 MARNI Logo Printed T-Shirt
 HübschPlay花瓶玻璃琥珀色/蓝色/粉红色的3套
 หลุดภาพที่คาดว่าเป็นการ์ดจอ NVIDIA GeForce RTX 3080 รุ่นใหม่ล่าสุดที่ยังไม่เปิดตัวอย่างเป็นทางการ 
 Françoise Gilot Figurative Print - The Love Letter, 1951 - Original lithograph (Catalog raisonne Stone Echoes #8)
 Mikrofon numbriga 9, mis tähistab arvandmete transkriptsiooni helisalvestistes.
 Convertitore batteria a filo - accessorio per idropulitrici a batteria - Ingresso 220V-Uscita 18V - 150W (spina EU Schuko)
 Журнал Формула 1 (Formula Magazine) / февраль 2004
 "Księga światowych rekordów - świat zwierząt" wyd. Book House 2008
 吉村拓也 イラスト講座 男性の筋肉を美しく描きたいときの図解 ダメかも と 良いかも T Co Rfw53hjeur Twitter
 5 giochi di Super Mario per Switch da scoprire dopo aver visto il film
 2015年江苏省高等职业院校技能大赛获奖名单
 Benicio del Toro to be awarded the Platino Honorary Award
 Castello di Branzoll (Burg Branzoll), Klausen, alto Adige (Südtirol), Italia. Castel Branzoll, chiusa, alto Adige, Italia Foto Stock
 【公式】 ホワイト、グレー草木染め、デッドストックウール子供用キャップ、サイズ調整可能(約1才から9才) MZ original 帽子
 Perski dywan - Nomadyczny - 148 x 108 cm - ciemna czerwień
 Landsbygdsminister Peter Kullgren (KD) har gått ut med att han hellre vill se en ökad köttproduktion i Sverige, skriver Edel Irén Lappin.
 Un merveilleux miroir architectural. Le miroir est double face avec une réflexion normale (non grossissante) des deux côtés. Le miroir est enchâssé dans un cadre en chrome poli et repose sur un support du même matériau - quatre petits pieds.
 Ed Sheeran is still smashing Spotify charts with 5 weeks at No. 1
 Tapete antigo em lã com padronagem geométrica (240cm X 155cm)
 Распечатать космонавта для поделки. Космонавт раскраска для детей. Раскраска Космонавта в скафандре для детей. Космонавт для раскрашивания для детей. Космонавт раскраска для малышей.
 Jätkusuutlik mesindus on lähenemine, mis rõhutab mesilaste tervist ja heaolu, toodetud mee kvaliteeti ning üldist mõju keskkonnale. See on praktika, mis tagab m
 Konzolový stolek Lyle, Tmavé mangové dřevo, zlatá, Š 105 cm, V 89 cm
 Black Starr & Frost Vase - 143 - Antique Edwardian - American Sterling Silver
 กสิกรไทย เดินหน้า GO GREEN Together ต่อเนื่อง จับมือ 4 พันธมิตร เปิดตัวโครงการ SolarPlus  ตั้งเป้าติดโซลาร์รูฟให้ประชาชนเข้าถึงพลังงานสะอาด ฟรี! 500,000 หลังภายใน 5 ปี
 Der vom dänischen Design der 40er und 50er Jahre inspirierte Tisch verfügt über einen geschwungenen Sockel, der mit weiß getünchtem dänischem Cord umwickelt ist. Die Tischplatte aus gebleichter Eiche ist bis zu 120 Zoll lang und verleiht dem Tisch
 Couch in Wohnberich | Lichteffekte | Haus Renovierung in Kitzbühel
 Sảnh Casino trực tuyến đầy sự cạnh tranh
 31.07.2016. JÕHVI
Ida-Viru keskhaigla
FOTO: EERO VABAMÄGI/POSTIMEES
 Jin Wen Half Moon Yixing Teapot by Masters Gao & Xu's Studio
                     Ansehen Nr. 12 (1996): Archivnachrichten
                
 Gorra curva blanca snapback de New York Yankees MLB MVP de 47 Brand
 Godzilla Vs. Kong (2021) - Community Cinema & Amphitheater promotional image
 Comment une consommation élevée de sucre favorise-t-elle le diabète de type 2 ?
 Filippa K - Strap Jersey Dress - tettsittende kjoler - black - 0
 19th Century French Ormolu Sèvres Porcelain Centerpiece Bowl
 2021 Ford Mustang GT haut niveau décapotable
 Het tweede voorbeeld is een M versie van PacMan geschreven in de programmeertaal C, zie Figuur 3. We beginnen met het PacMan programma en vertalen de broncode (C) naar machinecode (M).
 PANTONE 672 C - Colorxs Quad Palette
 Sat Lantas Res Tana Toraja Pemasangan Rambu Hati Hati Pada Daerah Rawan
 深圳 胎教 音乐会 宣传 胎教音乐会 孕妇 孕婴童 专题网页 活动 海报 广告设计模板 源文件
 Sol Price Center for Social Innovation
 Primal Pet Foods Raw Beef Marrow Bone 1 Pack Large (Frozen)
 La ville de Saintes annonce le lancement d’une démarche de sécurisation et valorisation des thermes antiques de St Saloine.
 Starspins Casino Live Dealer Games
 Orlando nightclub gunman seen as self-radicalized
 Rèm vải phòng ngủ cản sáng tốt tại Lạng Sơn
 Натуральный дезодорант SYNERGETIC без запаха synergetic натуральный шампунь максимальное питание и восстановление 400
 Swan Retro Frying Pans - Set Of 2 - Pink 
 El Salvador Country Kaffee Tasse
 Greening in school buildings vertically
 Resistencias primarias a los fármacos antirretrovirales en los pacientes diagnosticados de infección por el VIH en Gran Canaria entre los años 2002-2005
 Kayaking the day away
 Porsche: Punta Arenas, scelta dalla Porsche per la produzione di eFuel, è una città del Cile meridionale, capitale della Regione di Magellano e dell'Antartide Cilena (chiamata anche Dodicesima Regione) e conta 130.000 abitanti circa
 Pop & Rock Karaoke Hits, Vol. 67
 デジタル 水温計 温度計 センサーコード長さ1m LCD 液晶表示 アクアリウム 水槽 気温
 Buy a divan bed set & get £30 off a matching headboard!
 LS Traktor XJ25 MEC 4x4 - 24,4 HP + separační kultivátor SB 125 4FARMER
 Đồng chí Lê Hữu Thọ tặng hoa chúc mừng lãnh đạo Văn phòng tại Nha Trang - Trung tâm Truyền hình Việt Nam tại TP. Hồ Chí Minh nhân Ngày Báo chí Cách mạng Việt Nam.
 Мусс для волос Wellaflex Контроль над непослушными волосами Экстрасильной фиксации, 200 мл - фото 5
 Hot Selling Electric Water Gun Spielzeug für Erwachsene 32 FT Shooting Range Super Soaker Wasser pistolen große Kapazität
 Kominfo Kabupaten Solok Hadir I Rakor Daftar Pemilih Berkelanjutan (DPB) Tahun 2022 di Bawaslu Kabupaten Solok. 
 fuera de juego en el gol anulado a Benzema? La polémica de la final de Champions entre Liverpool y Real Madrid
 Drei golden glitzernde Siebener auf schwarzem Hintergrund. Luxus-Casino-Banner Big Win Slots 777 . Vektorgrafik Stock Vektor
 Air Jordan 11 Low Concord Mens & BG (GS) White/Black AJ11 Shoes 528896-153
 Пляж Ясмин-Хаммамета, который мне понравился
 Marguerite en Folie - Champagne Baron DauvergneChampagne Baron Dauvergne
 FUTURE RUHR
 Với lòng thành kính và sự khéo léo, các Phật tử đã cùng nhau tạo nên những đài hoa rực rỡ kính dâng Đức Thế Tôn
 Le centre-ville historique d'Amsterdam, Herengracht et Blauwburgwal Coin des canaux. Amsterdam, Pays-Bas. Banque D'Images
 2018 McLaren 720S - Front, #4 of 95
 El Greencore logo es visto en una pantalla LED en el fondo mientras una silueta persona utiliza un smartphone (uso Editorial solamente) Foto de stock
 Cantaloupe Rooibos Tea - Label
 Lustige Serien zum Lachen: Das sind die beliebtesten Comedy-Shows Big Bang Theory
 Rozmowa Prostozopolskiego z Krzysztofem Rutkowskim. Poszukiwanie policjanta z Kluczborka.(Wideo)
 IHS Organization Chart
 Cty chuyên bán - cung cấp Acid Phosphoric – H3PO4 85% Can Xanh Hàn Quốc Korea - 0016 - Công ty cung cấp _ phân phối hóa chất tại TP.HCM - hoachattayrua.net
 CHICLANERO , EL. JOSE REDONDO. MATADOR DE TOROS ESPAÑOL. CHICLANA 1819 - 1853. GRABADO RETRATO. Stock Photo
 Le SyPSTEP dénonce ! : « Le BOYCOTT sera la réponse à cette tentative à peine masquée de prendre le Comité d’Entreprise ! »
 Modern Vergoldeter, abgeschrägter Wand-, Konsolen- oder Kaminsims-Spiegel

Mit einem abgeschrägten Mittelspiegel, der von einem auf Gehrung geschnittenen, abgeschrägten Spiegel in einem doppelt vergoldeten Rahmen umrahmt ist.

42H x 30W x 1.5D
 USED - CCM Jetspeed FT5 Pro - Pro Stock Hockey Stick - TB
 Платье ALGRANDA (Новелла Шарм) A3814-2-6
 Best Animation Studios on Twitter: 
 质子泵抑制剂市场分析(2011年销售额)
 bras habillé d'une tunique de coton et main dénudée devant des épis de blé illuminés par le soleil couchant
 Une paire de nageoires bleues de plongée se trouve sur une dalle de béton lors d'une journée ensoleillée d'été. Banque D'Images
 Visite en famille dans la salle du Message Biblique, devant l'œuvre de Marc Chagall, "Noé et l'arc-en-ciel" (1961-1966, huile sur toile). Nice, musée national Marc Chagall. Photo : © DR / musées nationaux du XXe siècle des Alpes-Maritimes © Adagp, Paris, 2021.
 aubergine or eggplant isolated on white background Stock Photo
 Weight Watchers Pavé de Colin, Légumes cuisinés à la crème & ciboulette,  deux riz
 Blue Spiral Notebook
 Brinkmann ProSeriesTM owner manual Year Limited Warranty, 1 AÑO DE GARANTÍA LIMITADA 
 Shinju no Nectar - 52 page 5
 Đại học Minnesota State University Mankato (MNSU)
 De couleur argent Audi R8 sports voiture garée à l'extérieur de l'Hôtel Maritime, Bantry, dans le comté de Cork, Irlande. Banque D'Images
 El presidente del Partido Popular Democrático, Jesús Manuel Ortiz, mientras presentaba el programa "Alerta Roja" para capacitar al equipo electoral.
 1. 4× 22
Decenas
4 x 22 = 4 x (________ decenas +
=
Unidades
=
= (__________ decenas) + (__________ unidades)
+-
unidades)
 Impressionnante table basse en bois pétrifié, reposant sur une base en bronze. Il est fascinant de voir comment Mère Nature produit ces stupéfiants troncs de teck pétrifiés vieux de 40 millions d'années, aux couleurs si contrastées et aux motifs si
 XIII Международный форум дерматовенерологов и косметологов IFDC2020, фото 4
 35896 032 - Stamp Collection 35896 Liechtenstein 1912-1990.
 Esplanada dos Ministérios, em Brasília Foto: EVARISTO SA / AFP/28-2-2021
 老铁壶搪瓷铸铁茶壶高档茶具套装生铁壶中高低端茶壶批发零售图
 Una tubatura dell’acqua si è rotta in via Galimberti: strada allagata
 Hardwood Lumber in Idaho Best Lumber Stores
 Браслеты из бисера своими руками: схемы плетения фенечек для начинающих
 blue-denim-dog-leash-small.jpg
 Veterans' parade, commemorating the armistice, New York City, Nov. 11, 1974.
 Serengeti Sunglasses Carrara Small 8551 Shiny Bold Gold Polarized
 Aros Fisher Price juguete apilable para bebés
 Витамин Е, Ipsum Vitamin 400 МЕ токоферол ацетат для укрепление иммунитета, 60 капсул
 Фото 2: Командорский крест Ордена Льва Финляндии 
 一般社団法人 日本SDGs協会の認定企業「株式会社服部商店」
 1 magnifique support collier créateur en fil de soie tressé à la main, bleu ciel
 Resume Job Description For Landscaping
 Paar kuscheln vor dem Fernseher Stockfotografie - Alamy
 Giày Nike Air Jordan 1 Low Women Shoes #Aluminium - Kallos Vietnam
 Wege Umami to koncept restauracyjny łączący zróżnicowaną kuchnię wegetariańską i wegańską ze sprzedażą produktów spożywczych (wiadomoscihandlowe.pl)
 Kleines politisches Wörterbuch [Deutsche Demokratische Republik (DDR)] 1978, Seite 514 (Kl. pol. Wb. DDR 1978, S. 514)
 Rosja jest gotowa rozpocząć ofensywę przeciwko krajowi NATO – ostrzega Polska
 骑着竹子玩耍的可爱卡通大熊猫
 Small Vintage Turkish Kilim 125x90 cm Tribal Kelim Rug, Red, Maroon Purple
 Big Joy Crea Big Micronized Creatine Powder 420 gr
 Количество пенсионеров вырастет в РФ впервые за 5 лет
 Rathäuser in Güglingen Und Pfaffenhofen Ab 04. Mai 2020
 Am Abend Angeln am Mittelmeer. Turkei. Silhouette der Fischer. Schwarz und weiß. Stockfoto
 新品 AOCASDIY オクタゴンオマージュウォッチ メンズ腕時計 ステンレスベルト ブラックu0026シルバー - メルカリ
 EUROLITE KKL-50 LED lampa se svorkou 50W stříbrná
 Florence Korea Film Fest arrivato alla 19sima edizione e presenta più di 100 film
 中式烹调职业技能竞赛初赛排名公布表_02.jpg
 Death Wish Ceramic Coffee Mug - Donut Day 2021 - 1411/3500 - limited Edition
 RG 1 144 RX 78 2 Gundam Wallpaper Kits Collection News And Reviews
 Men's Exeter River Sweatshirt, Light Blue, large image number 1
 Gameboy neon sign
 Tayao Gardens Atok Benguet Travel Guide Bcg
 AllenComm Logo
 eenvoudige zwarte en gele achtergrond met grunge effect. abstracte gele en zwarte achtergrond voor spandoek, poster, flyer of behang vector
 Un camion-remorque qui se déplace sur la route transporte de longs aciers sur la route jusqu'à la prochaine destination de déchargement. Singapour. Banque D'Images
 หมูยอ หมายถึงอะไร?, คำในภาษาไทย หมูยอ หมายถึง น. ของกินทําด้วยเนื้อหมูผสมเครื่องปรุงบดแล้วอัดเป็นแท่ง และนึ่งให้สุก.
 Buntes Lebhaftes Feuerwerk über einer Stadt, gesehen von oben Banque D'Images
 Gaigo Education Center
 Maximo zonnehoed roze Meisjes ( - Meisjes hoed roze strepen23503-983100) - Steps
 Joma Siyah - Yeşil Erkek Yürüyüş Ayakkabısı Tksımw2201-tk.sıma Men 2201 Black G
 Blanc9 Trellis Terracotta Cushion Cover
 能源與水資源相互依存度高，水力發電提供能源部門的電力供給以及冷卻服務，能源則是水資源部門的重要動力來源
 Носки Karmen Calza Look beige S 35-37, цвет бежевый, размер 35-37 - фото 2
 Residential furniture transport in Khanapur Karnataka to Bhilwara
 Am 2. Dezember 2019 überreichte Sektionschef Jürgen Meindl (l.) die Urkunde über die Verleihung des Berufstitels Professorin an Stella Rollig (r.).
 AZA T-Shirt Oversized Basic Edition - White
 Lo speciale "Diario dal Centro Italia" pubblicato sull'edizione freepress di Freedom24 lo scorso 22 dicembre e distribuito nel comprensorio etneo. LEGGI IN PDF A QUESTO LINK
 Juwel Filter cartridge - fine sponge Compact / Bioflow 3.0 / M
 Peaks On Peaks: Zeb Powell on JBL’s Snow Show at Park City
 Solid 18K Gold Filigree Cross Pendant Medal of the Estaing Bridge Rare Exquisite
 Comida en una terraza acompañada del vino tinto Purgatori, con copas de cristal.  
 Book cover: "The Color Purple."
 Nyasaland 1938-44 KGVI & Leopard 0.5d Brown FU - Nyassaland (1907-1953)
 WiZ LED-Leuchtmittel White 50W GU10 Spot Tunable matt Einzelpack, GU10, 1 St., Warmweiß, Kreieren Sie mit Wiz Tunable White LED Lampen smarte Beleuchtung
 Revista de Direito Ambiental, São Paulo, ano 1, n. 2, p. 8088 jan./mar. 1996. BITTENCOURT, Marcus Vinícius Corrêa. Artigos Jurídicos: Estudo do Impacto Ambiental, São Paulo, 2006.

______

Repeat exactly the lines of the listing above, from the one with "Resume Job Description For Landscaping" down to the one with "Kleines politisches Wörterbuch"; both of those lines belong in the range.

 Resume Job Description For Landscaping
 Paar kuscheln vor dem Fernseher Stockfotografie - Alamy
 Giày Nike Air Jordan 1 Low Women Shoes #Aluminium - Kallos Vietnam
 Wege Umami to koncept restauracyjny łączący zróżnicowaną kuchnię wegetariańską i wegańską ze sprzedażą produktów spożywczych (wiadomoscihandlowe.pl)
 Kleines politisches Wörterbuch [Deutsche Demokratische Republik (DDR)] 1978, Seite 514 (Kl. pol. Wb. DDR 1978, S. 514)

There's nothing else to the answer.